Git Integration in Domino
Eduardo Ariño de la Rubia2017-05-10 | 5 min read
We recently released new functionality that provides first-class integration between Domino and git. This post describes the new feature, and describes our perspective on the unique requirements of version control in the context of data science—as distinct from software engineering—workflows.
The Problem
On a now famous tweet, Isaac Wolkerstorfer once said: “git gets easier once you get the basic idea that branches are homeomorphic endofunctors mapping submanifolds of a Hilbert space.” Although he clarified in a Quora answer that the statement is firmly tongue in cheek, by the proliferation of the meme and the thousands of Google results one finds when searching for that string, it's clear the answer resonated.
In a recent poll of data scientists, over 85% responded affirmatively that they were leveraging git in their workflow. An overwhelming number of data scientists reached out directly and shared a sentiment that they used git, but only in a cargo cult fashion. Commands are memorized and repeated as an incantation to the reproducibility gods, that they may smile upon this project and let the results and findings survive and thrive. We think there’s a better way.
Domino’s Git Integration
The integration of Domino data science platform deeply leverages both the power of git and our reproducibility engine technology. This integration supports many workflows and is being used today by Fortune 50 customers to allow their data science teams to get value from their existing investment in software, pipelines, and git infrastructure.
Three highlights of this integration include:
Ability To Check Out Multiple Repositories at exact Commit Hashes
Any git integration which just let’s you handle a single branch or can only check out HEAD is too limited to be of real use. Domino allows you to add an arbitrary number of repositories, each one can be enabled or disabled independently, and can have the exact commit hash or branch specified upon checkout.
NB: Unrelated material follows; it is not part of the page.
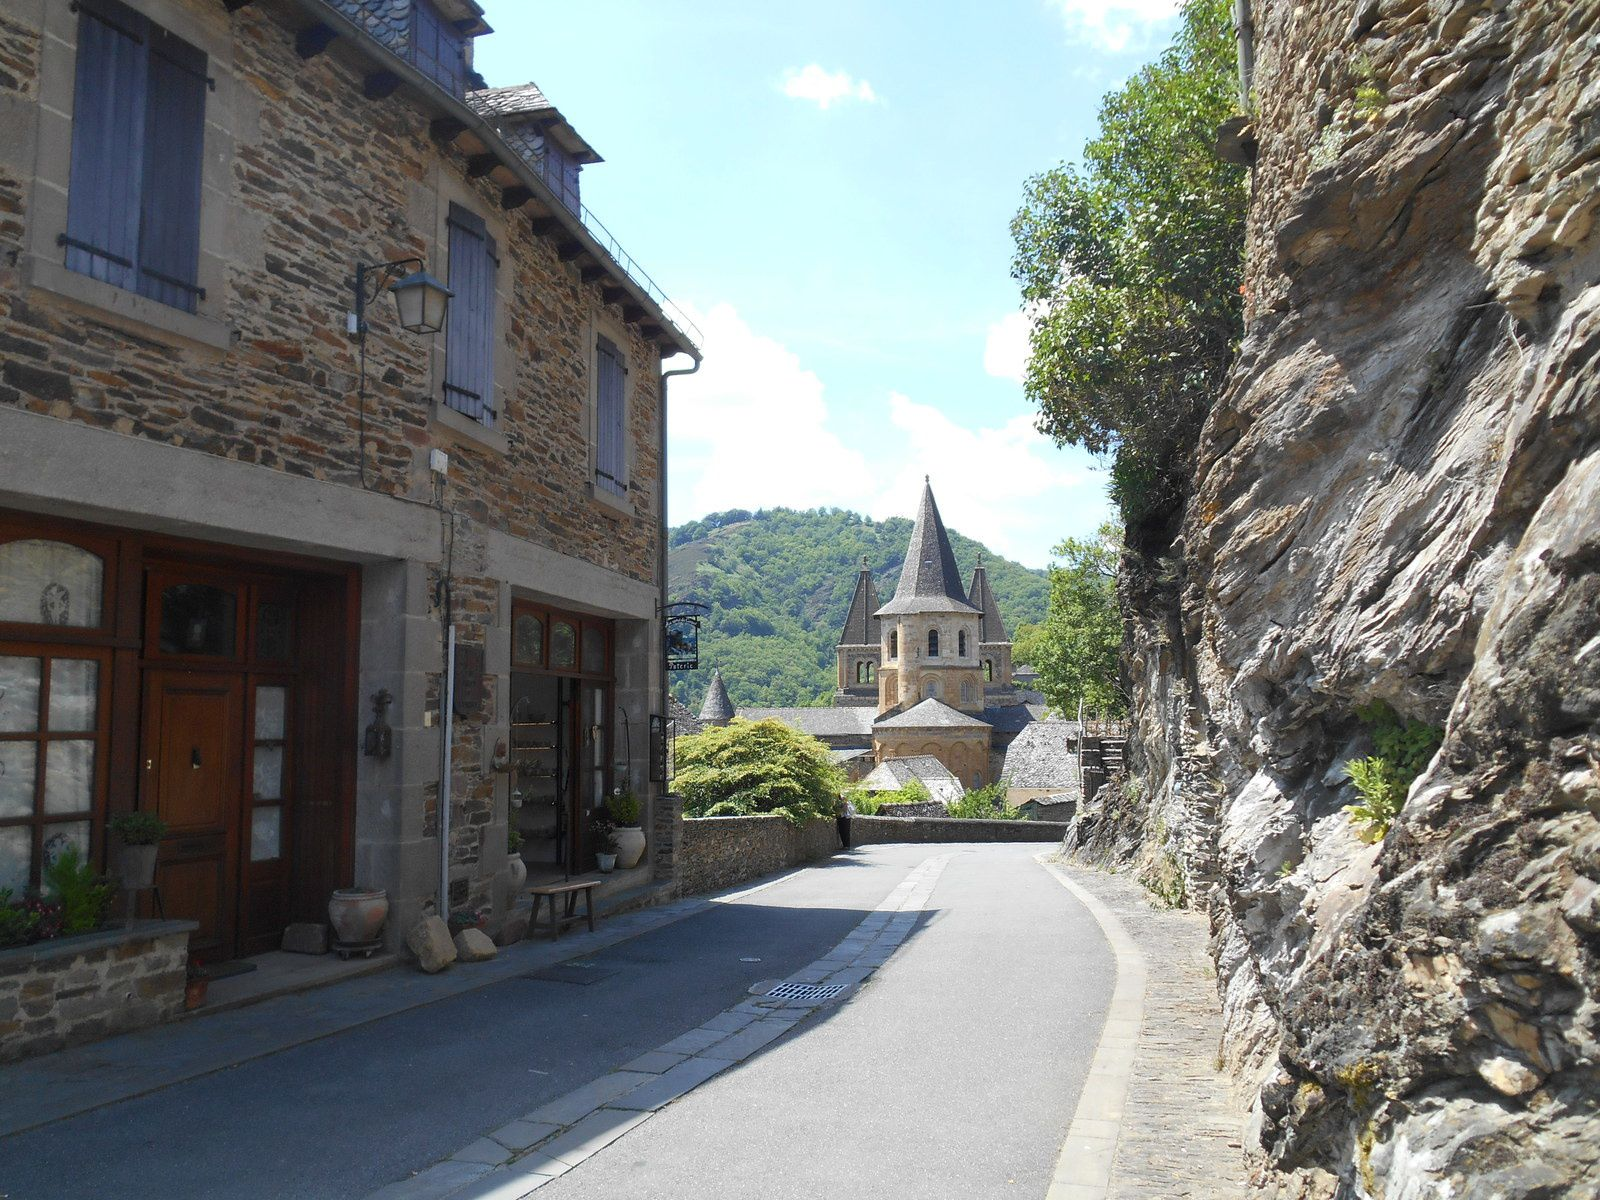 Entrée du village et première vue sur l'église abbatiale Sainte-Foy.

Integration with Reproducibility Engine
For every experiment you execute within Domino, the reproducibility engine keeps a record of exactly which repositories were enabled, and what was their starting and ending commit state. If, during your project, you have to commit and push back changes in the repository, Domino tracks this information and makes it immediately available within the details tab of the experiment.
This functionality extends on our ability to track information about canonical datasets imported into the project, environments, etc. Customers can leverage this information to make informed decisions about what internal tools they are using, and more easily provide a bird’s eye view of the dependencies and packages their teams utilize every day.
Unsaved Work Validation
If a project is integrated with git, and the user has changes inside of their repository, Domino will provide helpful reminders if they attempt to close the experiment without first saving and committing their changes.
Data scientists are not necessarily expert git users. For instance, we learned from working with data science teams that there was confusion about when work was really saved to a git repository.
Domino’s integration isn’t just about making a git repository available, it’s about understanding how data scientists work with git, and providing the tools and workflows that make leveraging enterprise codebases as easy as possible.
Conclusion
The work of data scientists is complex, often spanning multiple disciplines. From software engineering to mathematics and statistics, operations research, physics, and many other fields, data scientists are required to do their work quickly and reproducibly.
Version control systems provide an important tool in the toolbox of reproducibility, but they are designed to track software artifacts. They are not sufficient for the complex interactions between code, data, environments, packages, and external and internal repositories used by data scientists every day.
Data scientists finally have version control and reproducibility designed around the way they work. Whether working on experiments, pipelines, visualizations, models in production, or anything else, Domino’s reproducibility engine, along with its first-class git integration, provides the tools and security data scientists trust to safeguard their work for themselves and future collaborators.
Eduardo Ariño de la Rubia is a lifelong technologist with a passion for data science who thrives on effectively communicating data-driven insights throughout an organization. A student of negotiation, conflict resolution, and peace building, Ed is focused on building tools that help humans work with humans to create insights for humans.